French private equity firm Argos Soditic has finally exited its long-standing investment in Du Pareil Au Même, a Euronext-listed children’s clothing retailer, after selling its remaining 52 percent stake via a private placement.
Argos Soditic made €58.4 million by selling 1,264,909 Du Pareil Au Même shares – equivalent to a 51.86 percent stake – at €46.20 per share. The private placement, which was conducted via an accelerated book-build process, saw both French and international institutional investors snap up the shares on the first day.
Du Pareil Au Même sells children’s clothes, infant wear and shoes through its own stores and other outlets, mostly in France, Italy, Spain and Portugal.
Argos Soditic acquired a majority shareholding in 1998, three years after the company had listed on the Paris stock exchange, and brought in a new management team to run the business. As with many buyouts of French public companies, the difficulties involved in completing a full take-private meant that DPAM remained a listed business.
Since then the retailer has seen revenues rise from €109 million to €145 million last year thanks partly to a big rise in exports, which now account for 25 percent of all sales. There has also been a huge increase in sales outlets, from 80 to 318, with the number of employees rising from 710 to 1210.

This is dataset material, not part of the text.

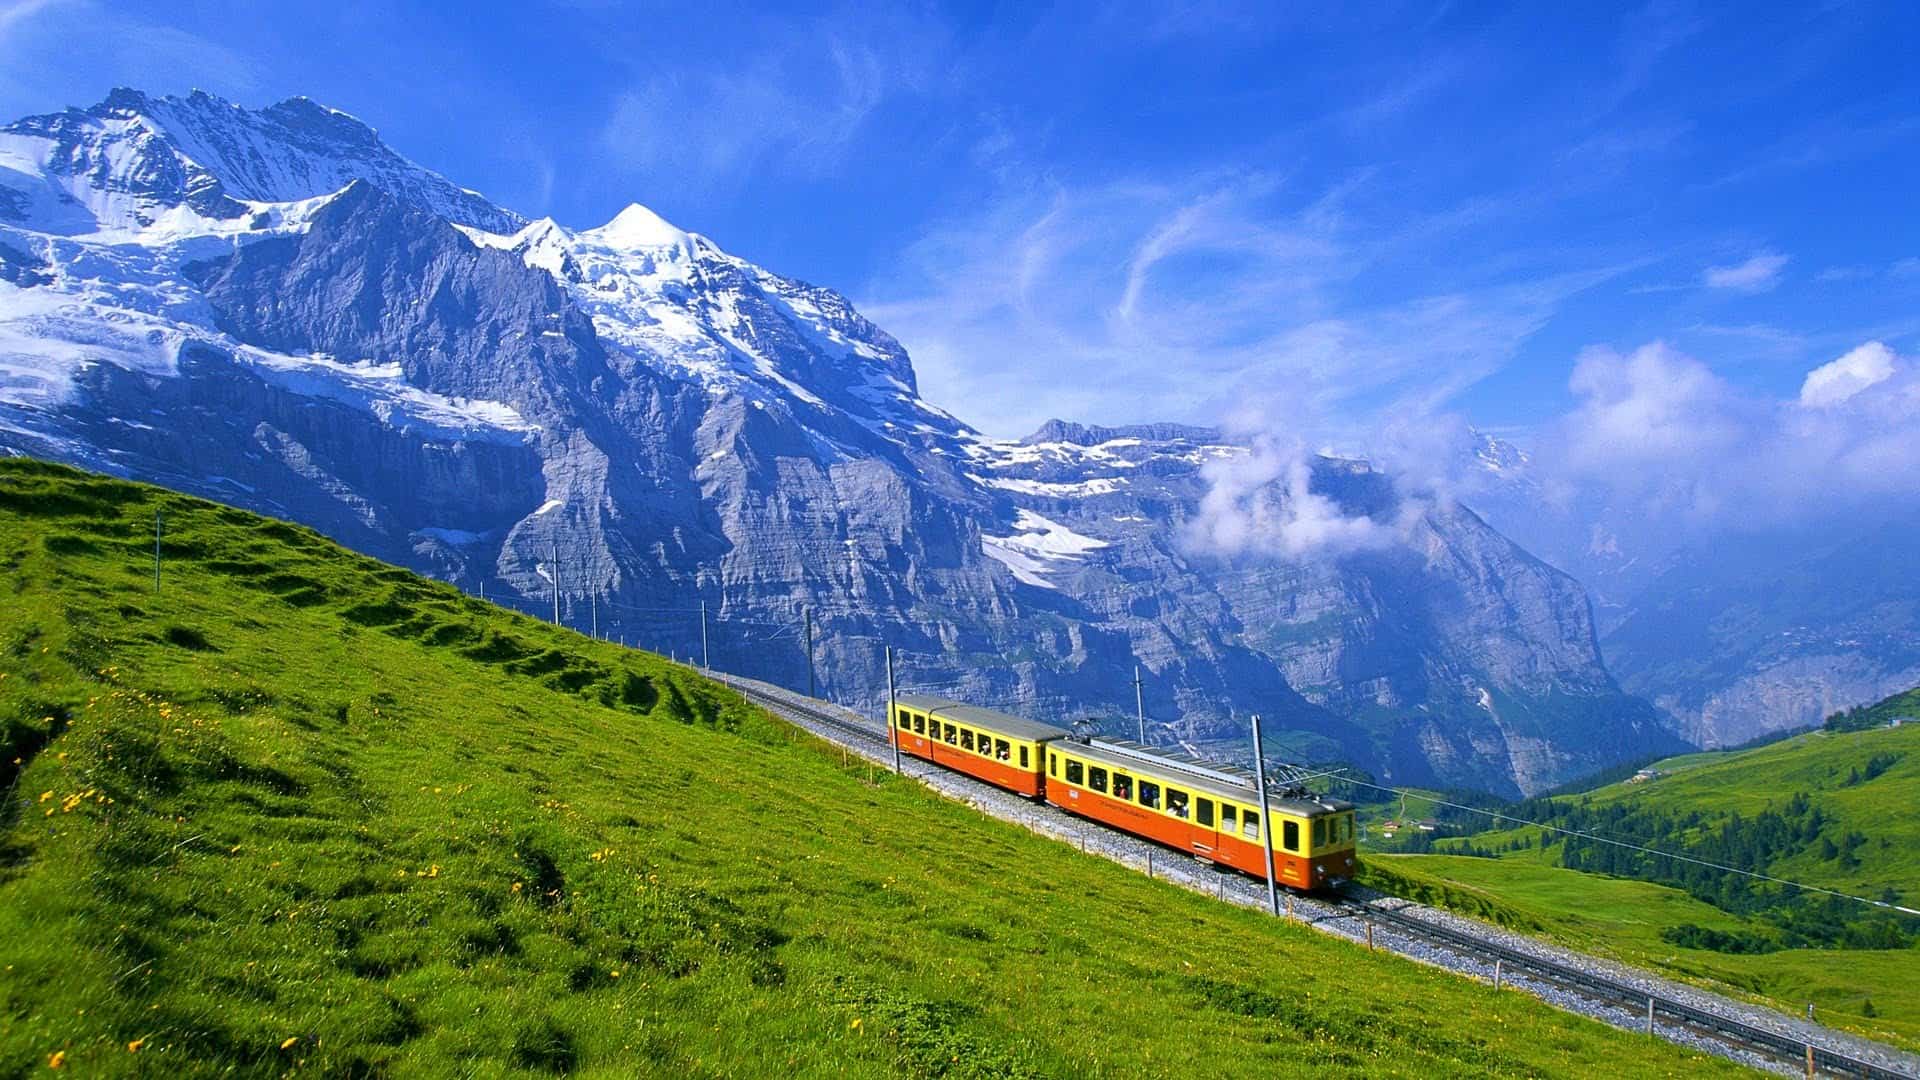 قائمة بافضل الفنادق في مدن سويسرا 2020

As a result, DPAM’s share price has risen by more than 70 percent since the original listing, while it has a manageable debt level of just €10.8 million.
In the first half of this year, the group’s sales rose 6.5 percent to €71.2 million. It also opened 20 new outlets and said there were a further 25 to 35 planned for the second half – three quarters of which would be outside France.
Argos Soditic is a French mid-market buyout firm that normally invests in companies with revenues of €20 to €400 million. It is currently spending the €267 million Euroknights V fund, which closed last year.